UPDATED: Few surprises, but some questions for import rule

08/01/2013 09:35:00 AM
Tom Karst

(UPDATED COVERAGE, 2 p.m.) Importers will have more responsibility for the safety of foreign produce under a proposed rule published by the Food and Drug Administration in late July.

The FDA released the proposed rules for the Foreign Supplier Verification Program and  third-party auditor accreditation on July 26, and comments will be accepted on the proposals until Nov. 26. The FDA also has indicated that the comment period for the draft Preventive Controls and Produce Safety rules will be extended to mid-November, two months past the current Sept. 16 deadline.
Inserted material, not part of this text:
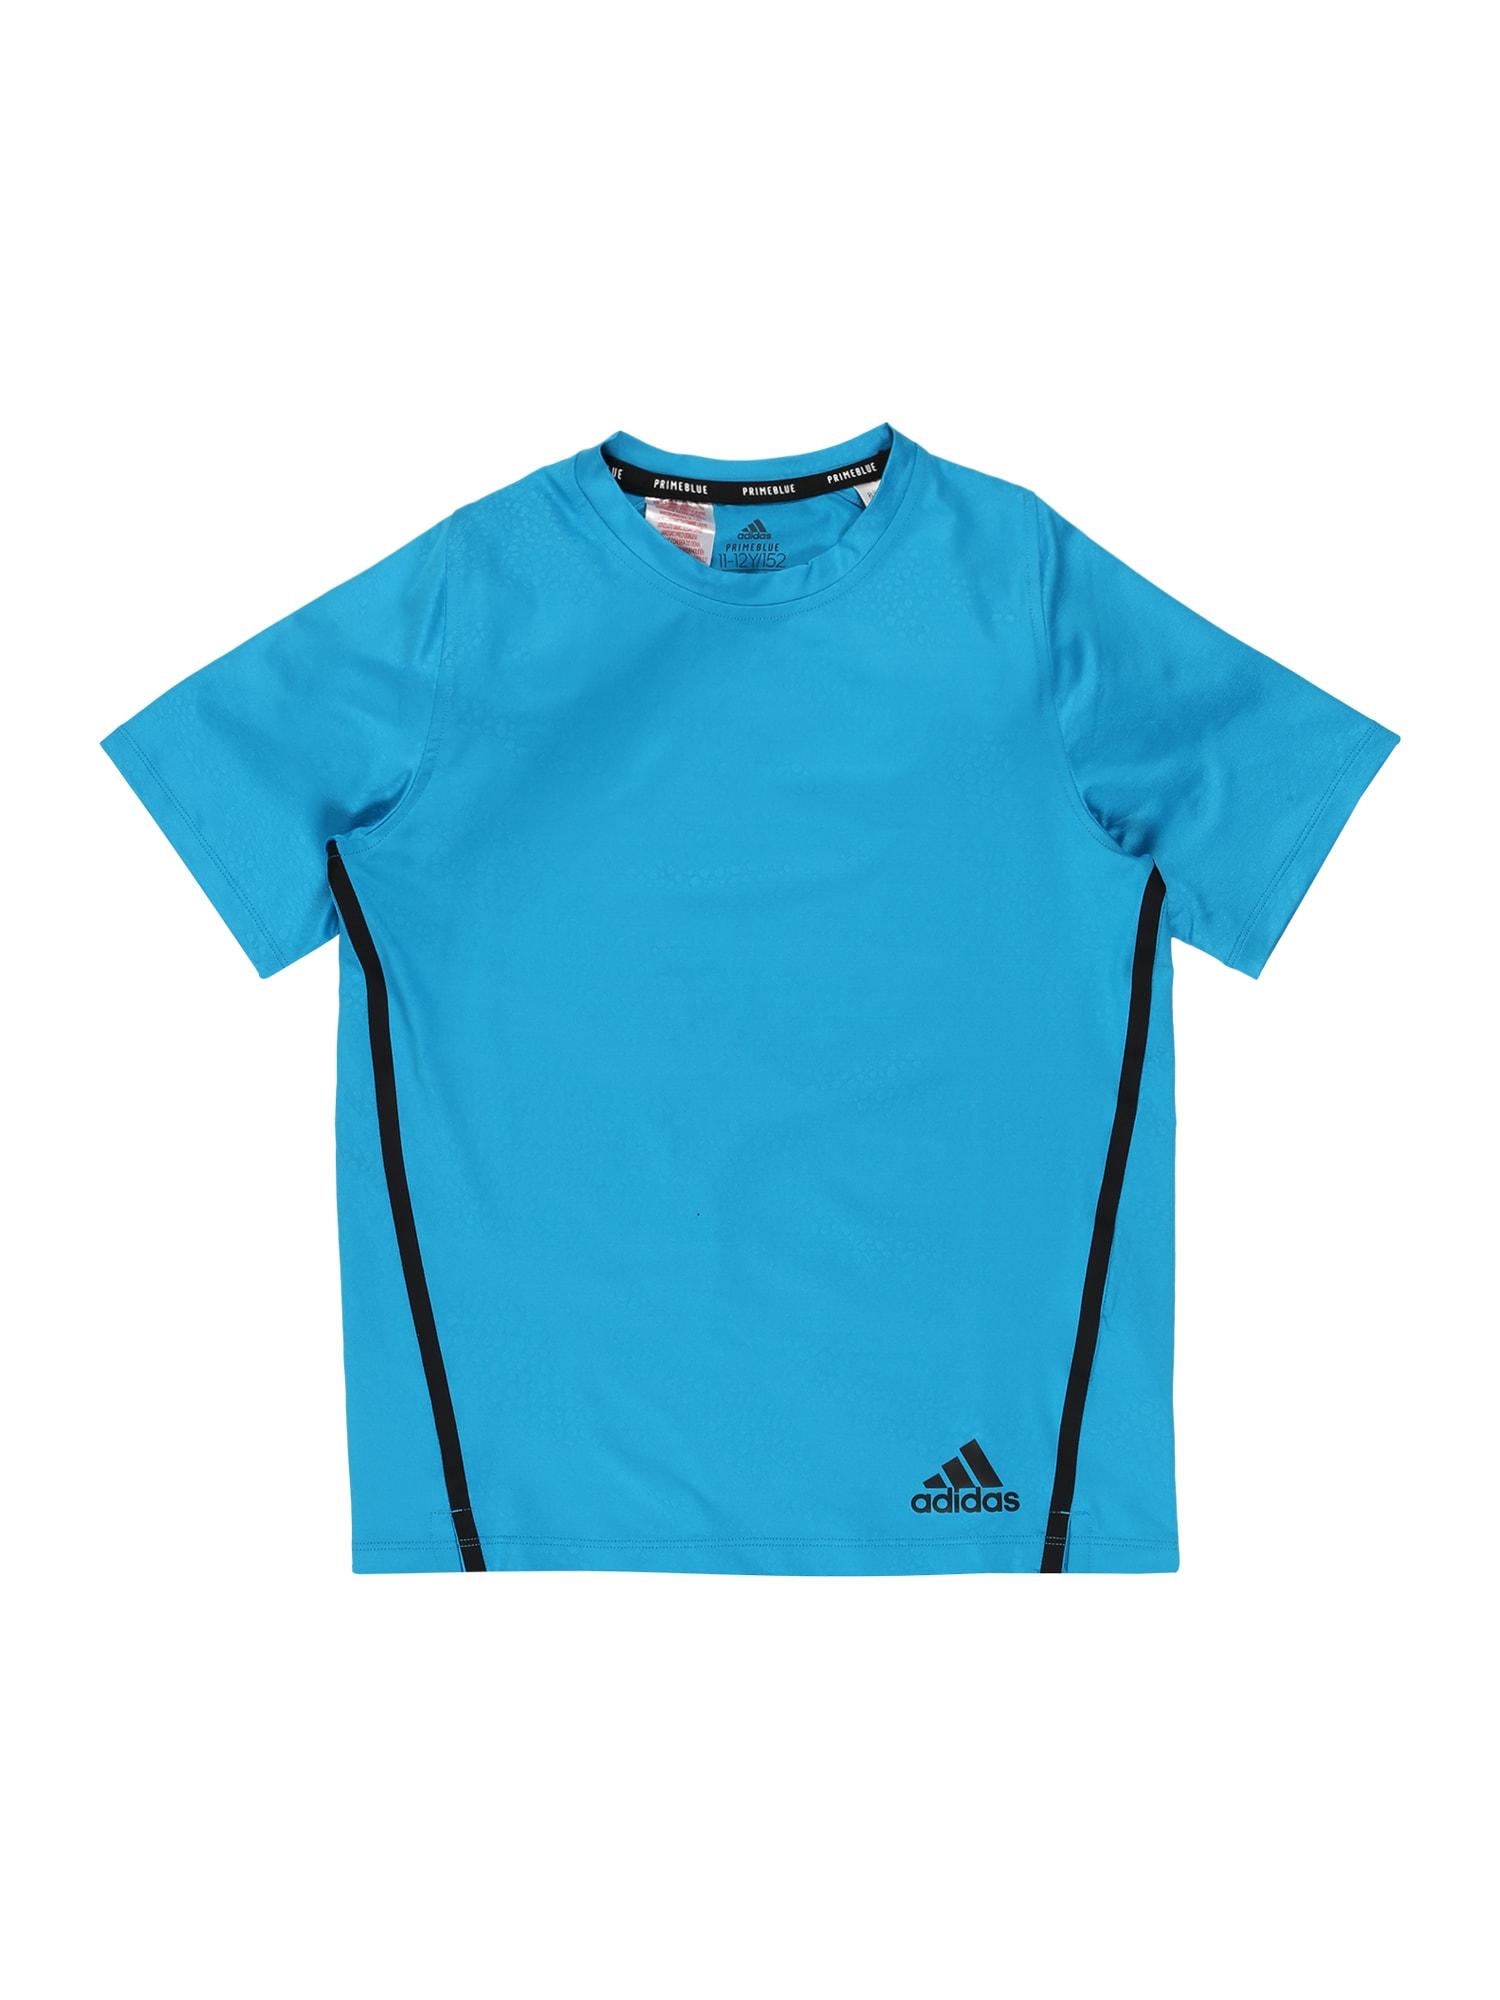 ADIDAS PERFORMANCE Funkčné tričko 'Primeblue'  nebesky modrá / tmavomodrá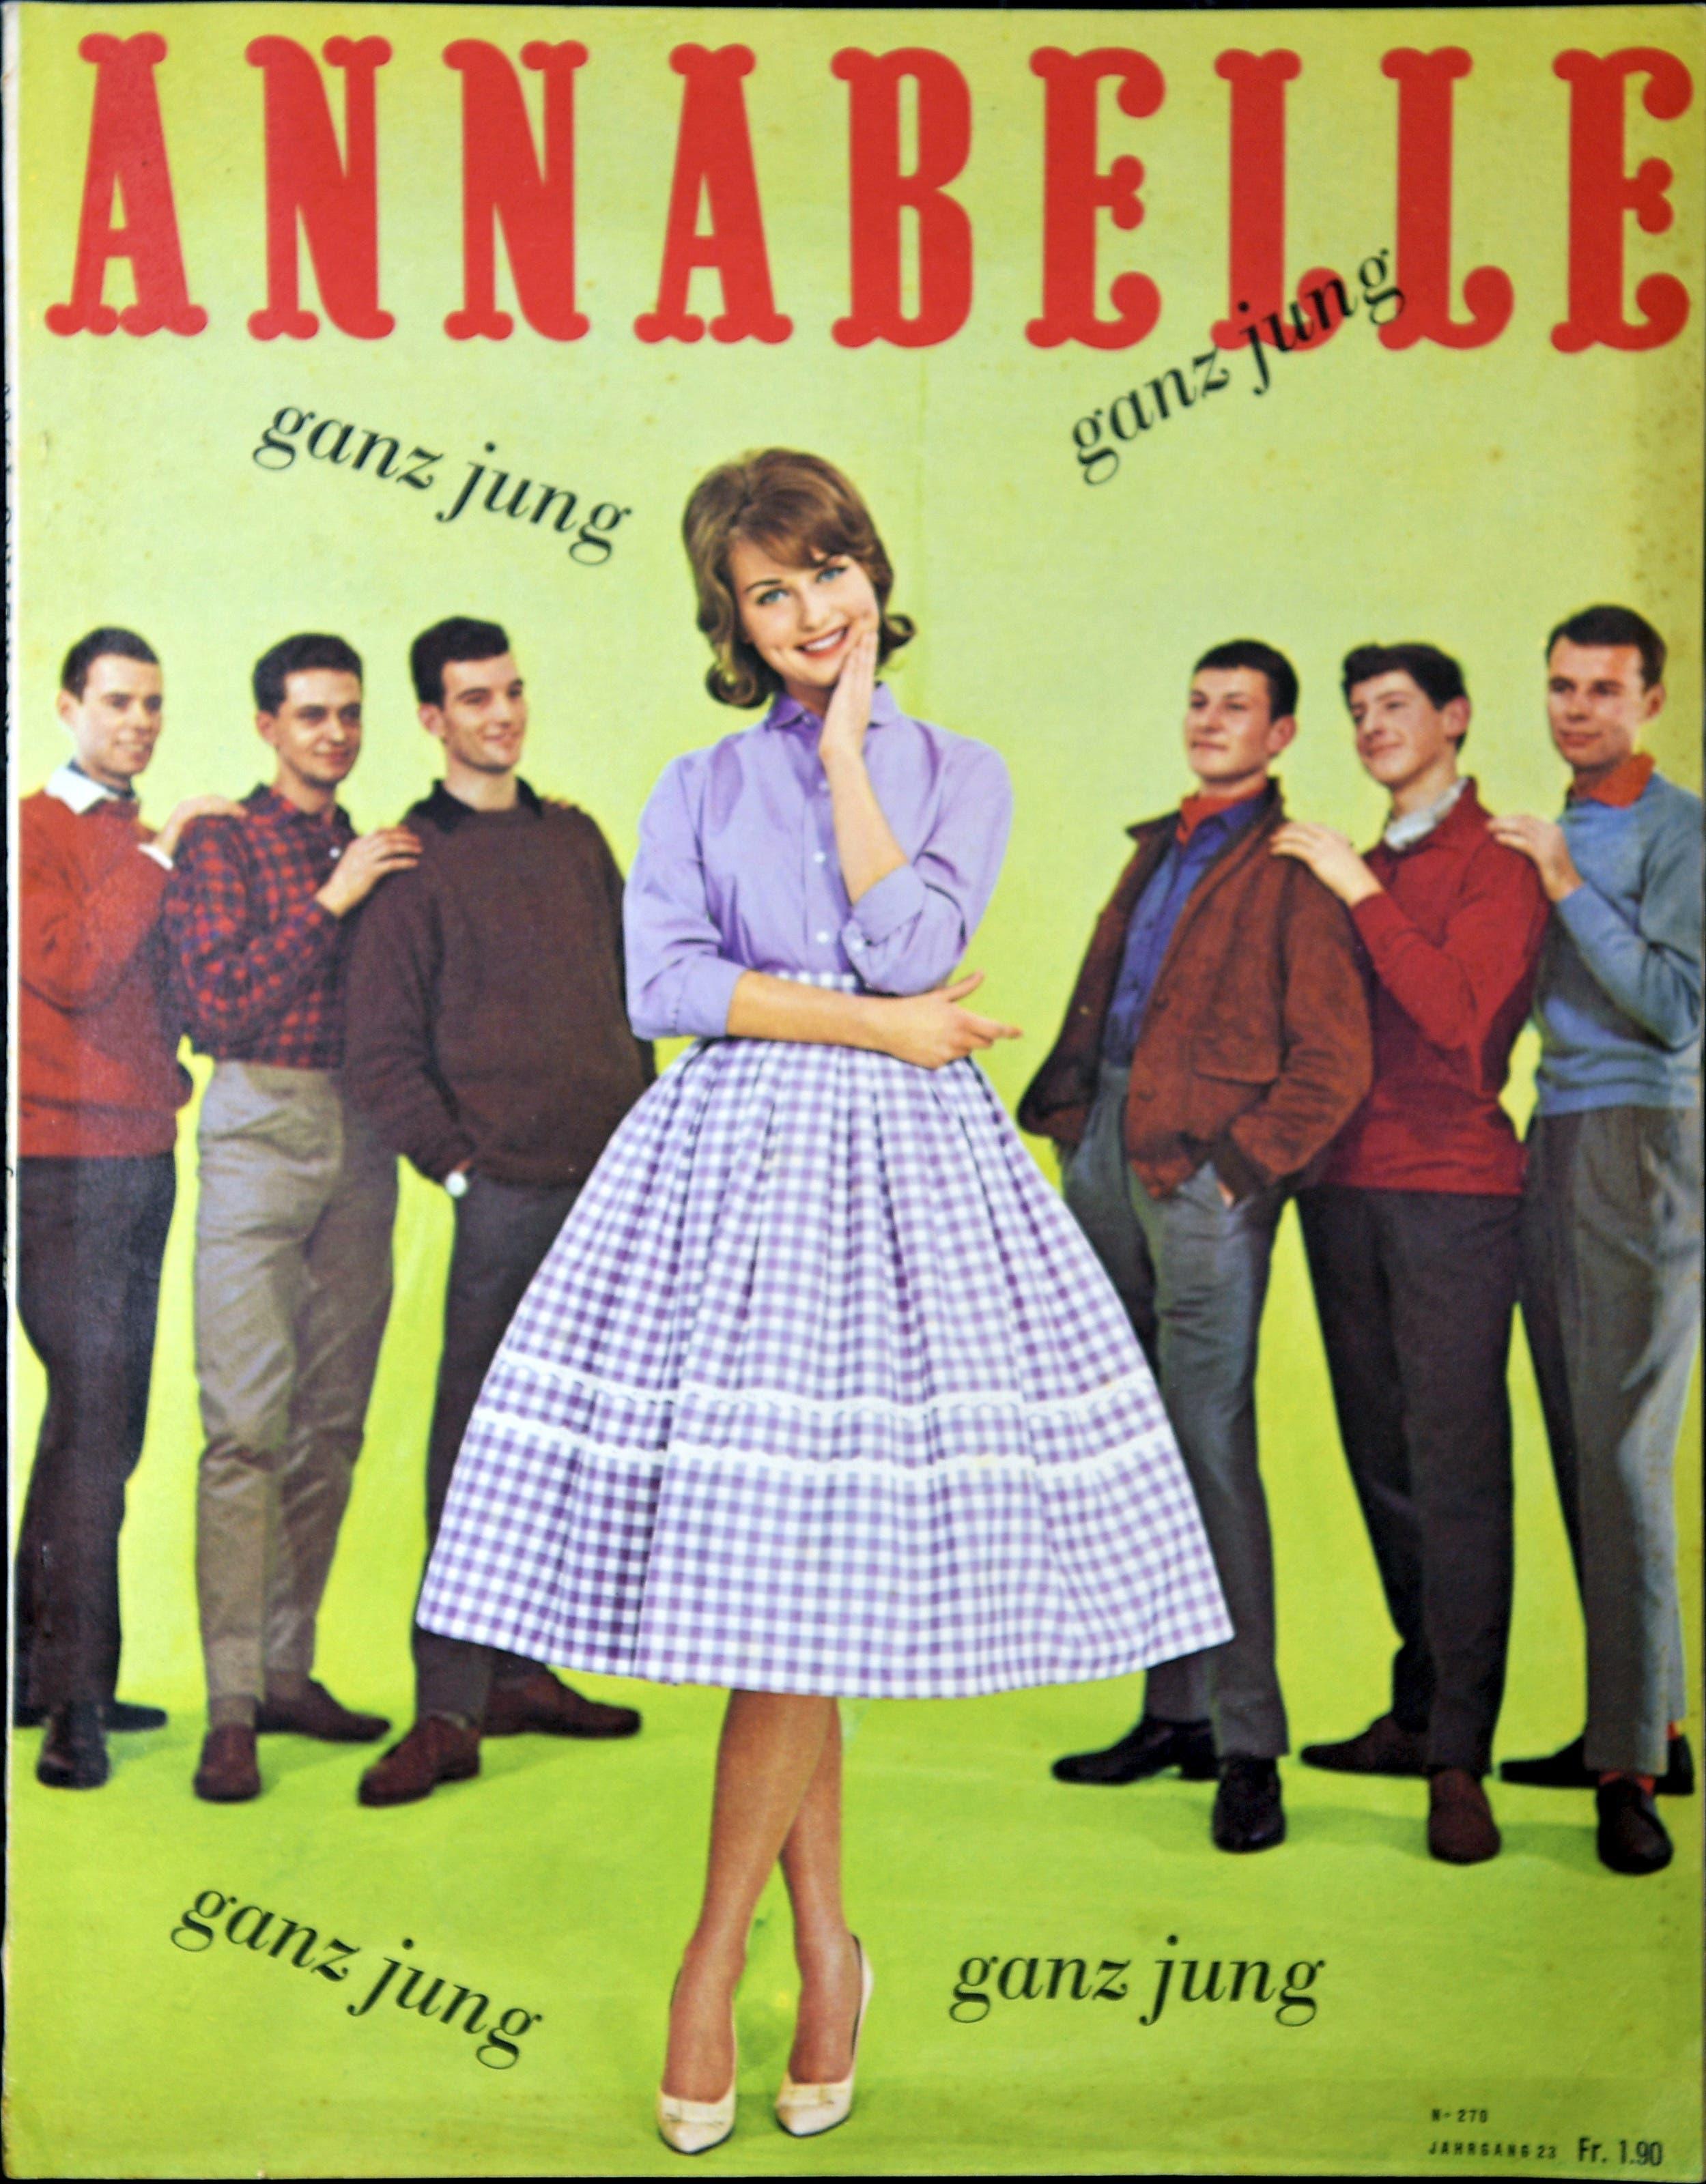 Annabelle, Frühjahr 1960

There are no surprises in FDA’s proposals on imported foods and third-party auditor accreditation, said David Gombas, senior vice president for food safety and technology for the United Fresh Produce Association.

“It’s very consistent with what FDA has used in the past for seafood and juice (food safety rules), when you hold the importer of record responsible for taking affirmative steps to verify compliance,” he said.

Gombas said he appreciated that FDA gives importers a number of alternatives on what they can do to verify produce safety compliance.

Gombas said there were several key elements of the proposed rule:

  • A requirement for all foreign suppliers to have a U.S. importer agent of record;
  • A requirement for all importers to have a written Food Safety Verification Program;
  • All Food Safety Verification Programs must be assessed every three years, or when there have been significant changes;
  • Importers must verify foreign suppliers have assesssed potential hazards, and they comply with FDA regulations;
  • Importers may use an FDA inspector or one authorized in the exporter’s country, if performed within the past 12 months; and
  • Modified provisions for “very small importers” or “very small suppliers,” defined as $500,000 or less annual food sales.

Gombas predicts the FDA will use the foreign supplier verification regulation to target inspections of imports more precisely than they have been able to do in the past.

“Right now the FDA doesn’t have a way to pick and choose what imports to inspect,” he said. “This will give FDA a better way of focusing on certain higher-risk facilities,” he said.

Gombas said he’s concerned about how the “very small” exporters will be handled. The FDA says importers are required to demonstrate compliance with the rules, but according to the Food Safety Modernization Act, small operations are exempt.